The fetch-execute cycle is the process by which a classical computer executes instructions. In the fetch phase, the computer determines which instruction to do next, by fetching that instruction from memory based on the current value of the program counter register. In the execute phase, the computer executes this instruction. The computer alternates between these two phases as long as it is on.
For the below ARM assembly code, trace the values
as it executes that will be placed into the registers
R4, R5, and R6.
MOV R4, #7
MOV R5, #4
MOV R6, #4
again MOV R7, R4
ADD R4, R5, R4
MOV R5, R7
SUBS R6, R6, #1
BNE again
R4 |
7, | 11, | 18, | 29, | 47 |
R5 |
4, | 7, | 11, | 18, | 29 |
R6 |
4, | 3, | 2, | 1, | 0 |
Translate the below C code for counting the 1 bits in R0 into
ARM assembly code, using the registers indicated by the variable
names.
r3 = 1;
r1 = 0;
while (r3 != 0) {
if ((r0 & r3) != 0) {
r1 = r1 + 1;
}
r3 = r3 + r3;
}
MOV R3, #1
MOV R1, #0
loop TST R0, R3
ADDNE R1, R1, #1
ADDS R3, R3, #1
BNE loop
For the below ARM assembly code, trace the values
as it executes that will be placed into the registers
R0, R1, and R2.
MOV R0, #48
MOV R1, #5
MVN R2, #0 ; MVN, not MOV
loop1 ADD R2, R2, #1
CMP R0, R1, LSL R2
BGT loop1
SUBLTS R2, R2, #1
BLT done
loop2 CMP R0, R1, LSL R2
SUBGE R0, R0, R1, LSL R2
SUBS R2, R2, #1
BGE loop2
done
(By the way, this fragment computes R0 % R1.)
R0 |
48, | 8, | 3 | ||||||||
R1 |
5 | ||||||||||
R2 |
−1, | 0, | 1, | 2, | 3, | 4, | 3, | 2, | 1, | 0, | −1 |
For the below ARM assembly code, trace the values
as it executes that will be placed into the registers
PC, R0, R1, and R2.
MOV R0, #0 ; at addr 0
MOV R1, #5
ADD R0, R0, R1
SUB R1, R1, #1
CMP R0, #10 ; at addr 16
MOVGT PC, #28
MOV PC, #8
MOV R2, #1
halt B halt ; at addr 32
[Technically, PC would always be 4 more
than listed below.

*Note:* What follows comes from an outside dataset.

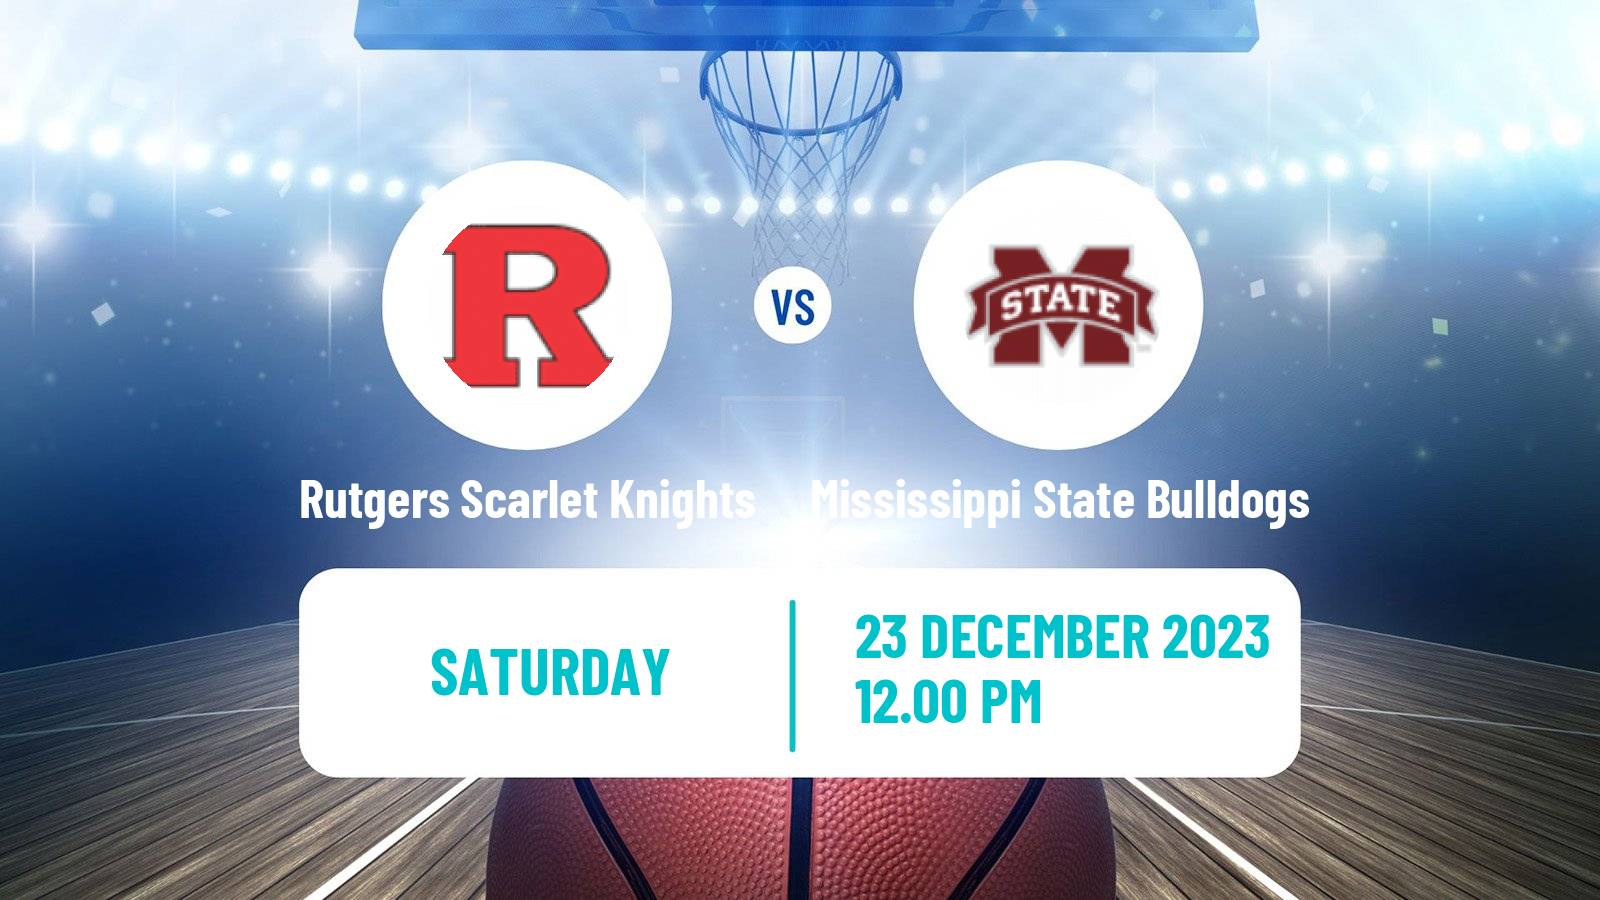 Basketball NCAA College Basketball Rutgers Scarlet Knights - Mississippi State Bulldogs

However, the below answer is more intuitive
and is acceptable, as long as you're consistent.]
PC: |
0, | 4, | 8, | 12, | 16, | 20, | 24, | 8, | 12, | 16, | 20, | 24, | 8, | 12, | 16, | 20, | 28, | 32 |
R0: |
0, | 5, | 9, | 12 | ||||||||||||||
R1: |
5, | 4, | 3, | 2 | ||||||||||||||
R2: |
1 |
For the below ARM assembly code, trace the values
as it executes that will be placed into the registers
R0, R1, and R2.
ADD R1, PC, #base ; puts 32 into R1
MOV R2, #0
loop LDR R0, [R1]
ADD R2, R2, R0
ADD R1, R1, R0
CMP R0, #0
BNE loop
halt B halt
base DCB 3, 4, 0, -2, 1, -3
R0 | 3 | −2 | 4 | −3 | 0 | |
R1 | 32 | 35 | 33 | 37 | 34 | 34 |
R2 | 0 | 3 | 1 | 5 | 2 | 2 |
For the below ARM assembly code, trace the values
as it executes that will be placed into the registers
R0, R1, and R2.
ADD R0, PC, #nums
loop LDRB R1, [R0], #1
SUBS R2, R1, #3
BLE loop
halt B halt
nums DCB 1, 2, 3, 4, 5
R0 |
20, | 21, | 22, | 23, | 24 |
R1 |
1, | 2, | 3, | 4 | |
R2 |
−2, | −1, | 0, | 1 |
For the below ARM assembly code, trace the values
as it executes that will be placed into the registers
R0, R1, and R2.
ADD R0, PC, #nums
MVN R1, #8 ; makes R1 be -9
loop LDRB R2, [R0], #1
ADDS R1, R1, R2
BLT loop
halt B halt
nums DCB 1, 2, 3, 4, 5
R0 |
24, | 25, | 26, | 27, | 28 |
R1 |
−9, | −8, | −6, | −3, | 1 |
R2 |
1, | 2, | 3, | 4 |
Suppose R0 holds the address of the first entry in an
array of four-byte integers. Write an ARM assembly language
program fragment that places into R0 the index of the
first 0 in that array. (You may assume that there is a 0 in the
array.) For example, if the array is <9,7,8,0,6>,
and R0 holds the memory address of the 9,
your fragment will place 3 into R0, since the 0 is in
slot 3 of the array.
SUB R2, R0, #4 ; R2 will be address of first zero found
again LDR R1, [R2, #4]!
CMP R1, #0
BNE again
SUB R0, R2, R0 ; now compute index corresponding to R2
MOV R0, R0, ASR #2 ; by subtracting R0 and dividing by 4
Suppose R0 holds the address of the first entry in an
array of four-byte integers, and R1 hold the number of
entries in that array. Write an ARM assembly fragment that places into
R0 the largest value of the array.
You may change any other registers,
and you may assume that the array contains at least one
value.
MOV R2, R0 ; R2 is address of next entry to read
LDR R0, [R2], #4 ; Initialize return value with first entry
B start
next LDR R3, [R2], #4 ; Retrieve next entry
CMP R3, R0 ; Update R0 if this entry is larger
MOVGT R0, R3
start SUBS R1, R1, #1 ; Test whether any entries are left
BNE next
Explain the function of the link register (R14) on the ARM
processor.
When calling a subroutine, we place into the link register
the address of the instruction following the entry in the
subroutine.
This way, the subroutine code can determine the next
instruction to be executed after it is ready to return.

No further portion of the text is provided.